Through the Looking Glass
i just finished getting ctrans into a workable state. what is ctrans? in short, it translates comments in a foreign-language (i.e. russian) to english using google translate and some regex magic.
the project started when one of my buddies and i started looking at the zeus source code. zenmower got the first peek and mentioned all the comments being in russian; i started poking around looking for something to translate the comments. after ten minutes i couldn’t find anything, so as they say, if you want something done do it yourself. i snagged a python snippet to run google translate on text passed in. it seemed to work pretty well and handled breaking the text up into chunks, so i cleaned it up a bit to fit my coding standards and started writing code to plug into that.
i slapped together some regexes to scan for c-style comments and later scripting-language (i.e. python, perl, ruby) style ‘#’ comments. a couple of iterations later, i had some mostly-working code that featured
- file extension-based comment scanning (i.e. look for c-style comments in .cpp files, script-style comments in .pl files)
- a directory scanning mode and a single-file mode
- multiprocess directory scanning: the script builds a list of files that should be scanned (based solely on file extensions) and maps a pool of workers to scan through that list of files. i’ll talk more on the multiprocessing design later.

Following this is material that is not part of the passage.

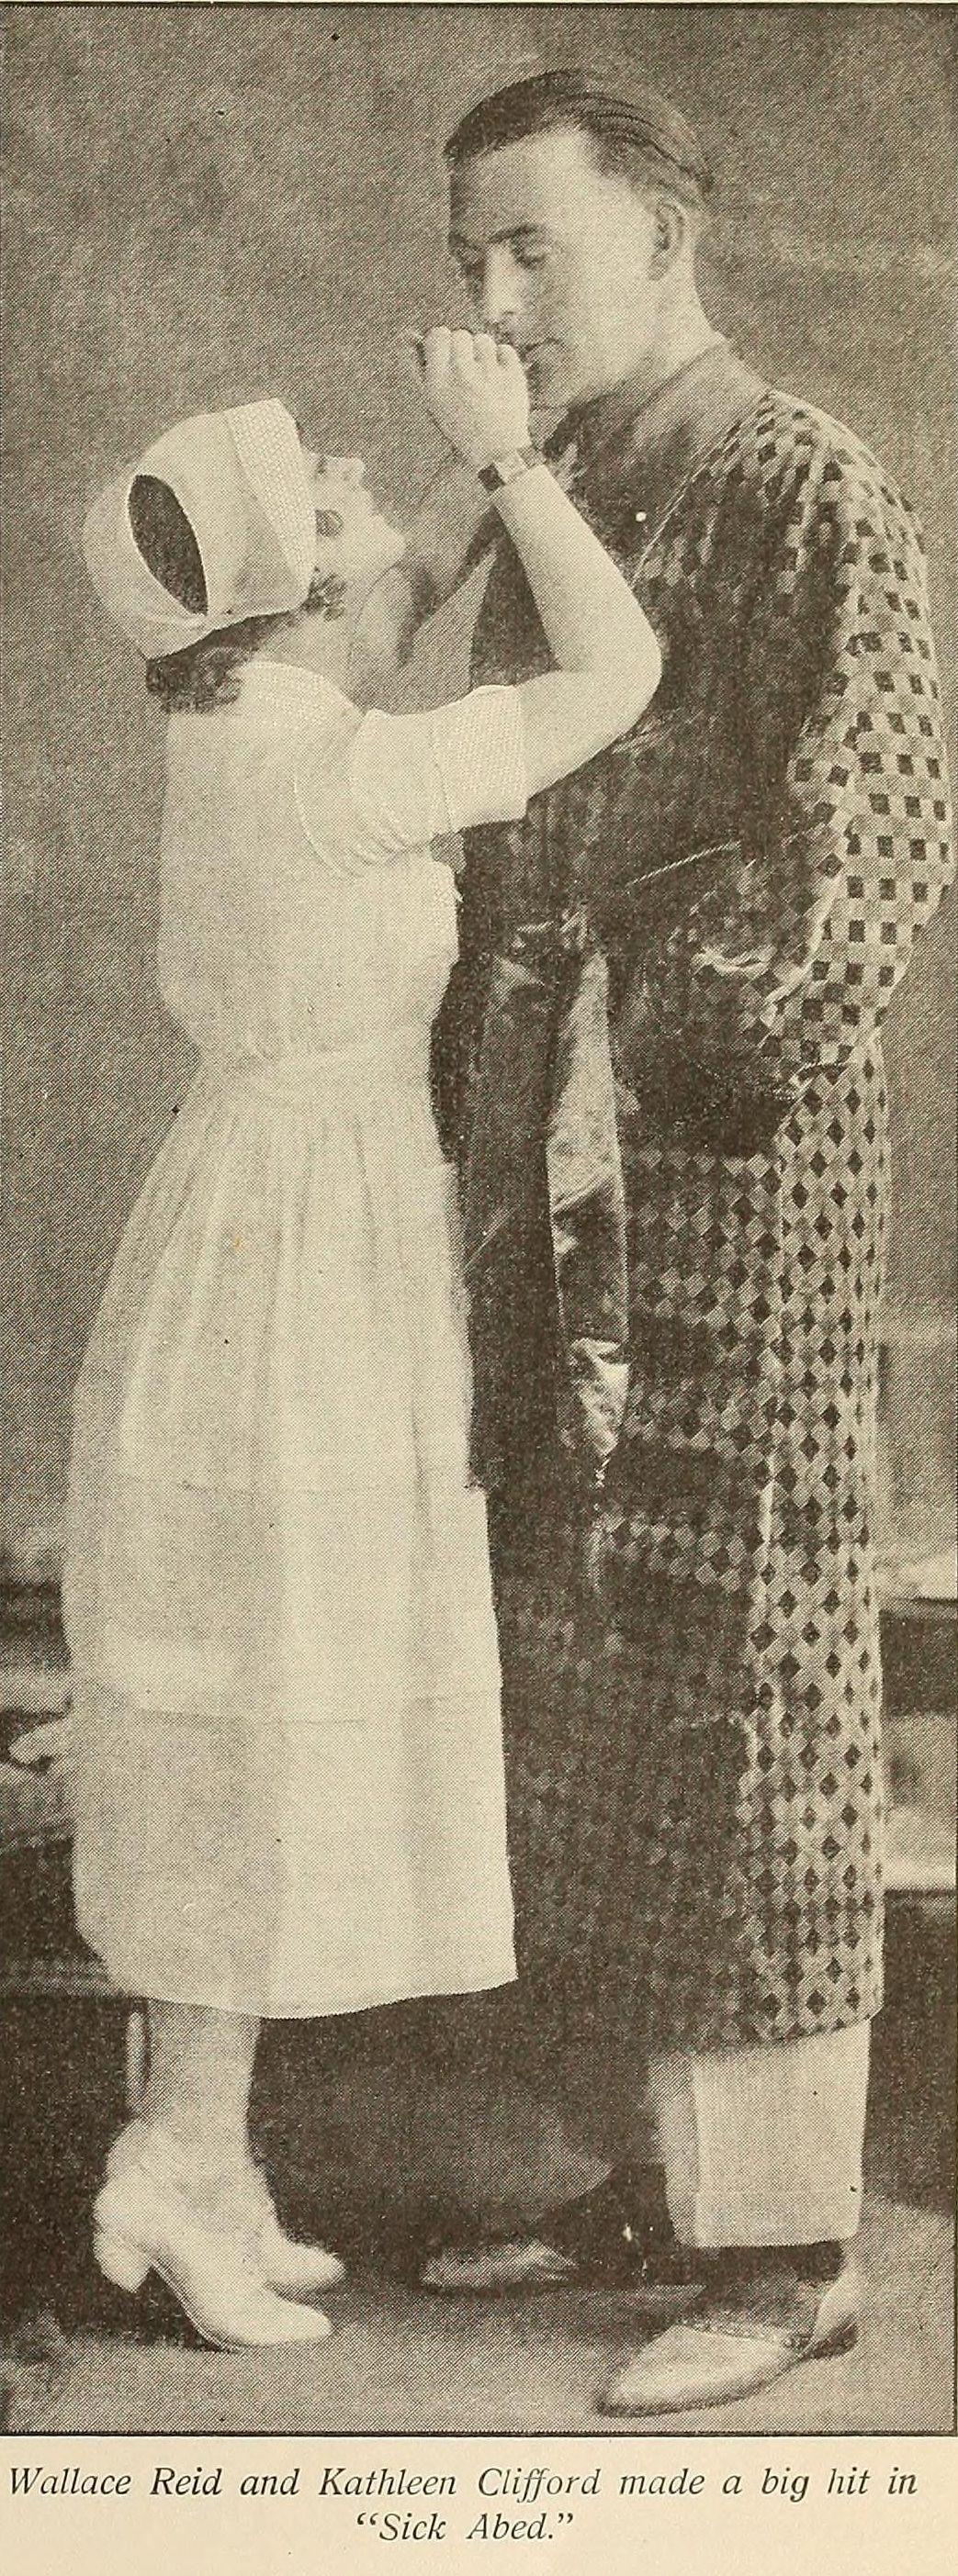 Patsy Rowlands (1931?005),Leslie Marshall (journalist) Erotic pic Flora Robson,Dorothy Coburn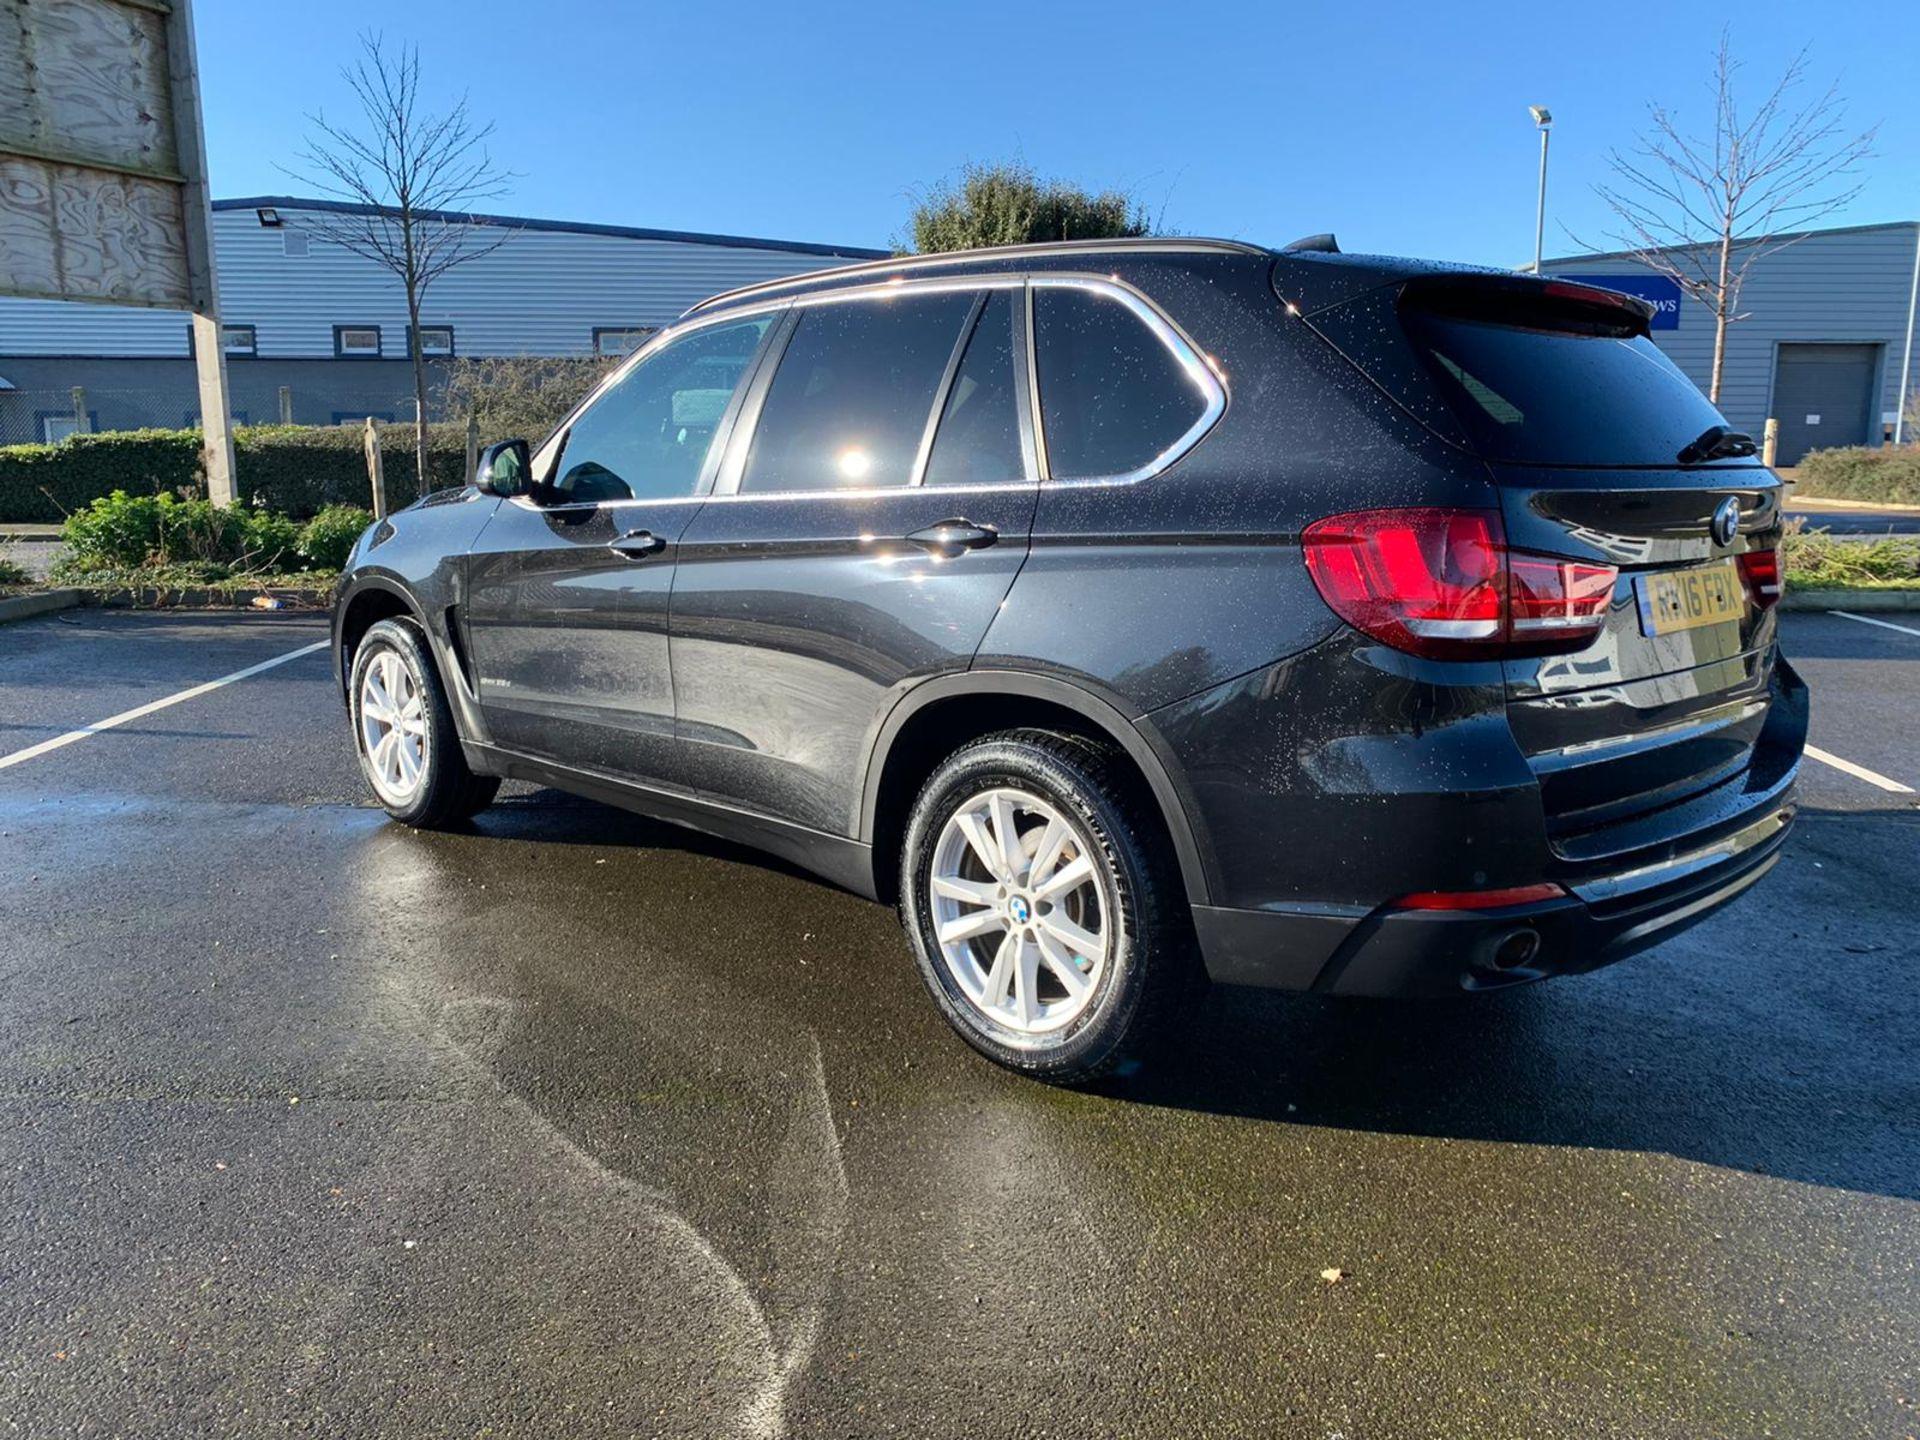 "(Reserve Met) BMW X5 2.0d S-DRIVE ""Special Equipment"" Auto- 7 Seater -16 Reg - Sat Nav- (New Shape) - Image 8 of 43"

this code worked pretty well on the test files i generated, but choked on the zeus source, throwing the dreaded
UnicodeEncodeError. after digging around and finding some excellent resources on unicode that helped jog my memory and clarify a few things i wasn’t thinking about. i came up with a few notes for dealing with different file encodings:
- you decode a stream of bytes being read into the program from whatever encoding the file came in (i.e. utf-8) to a unicode string.
- you encode a unicode string to whatever file encoding you want it output as; for most files, you will likely want utf-8. if you want to print the string, it needs to be the same encoding as your terminal (i.e.
- it matters what encoding the file you are reading is. this was a problem for me, since the zeus source files were often not in utf-8 or ascii.
- file encoding detection if you really don’t know what format the file is in is extremely difficult and programatically doing this is akin to black magic. the chardet module is very useful but not always correct. case in point - the two test source files that ship with ctrans are saved as utf-8, but watch what happens when we try to guess the encoding on the python test file:
that’s a 90% confidence that the file uses a different encoding than it actually does. automagic should be used sparingly and with supervision.
one design issue that came up is that of concurrency. i had to decide whether to launch new processes for each network connection (i.e. chunk of text being translated) or per-file (resulting in several network connections in sequence per process). the network connections were definitely the bottleneck, but i had to make sure the text would be returned in the proper sequence (order is sort of important in source files). in this case, the simplest answer to ensure the correctness of information, and given that files are the smallest atomic units, is to launch a new process to translate a file. given a list of the files that need to be translated, python’s multiprocessing.Pool.map() makes it incredibly easy to set up a worker pool.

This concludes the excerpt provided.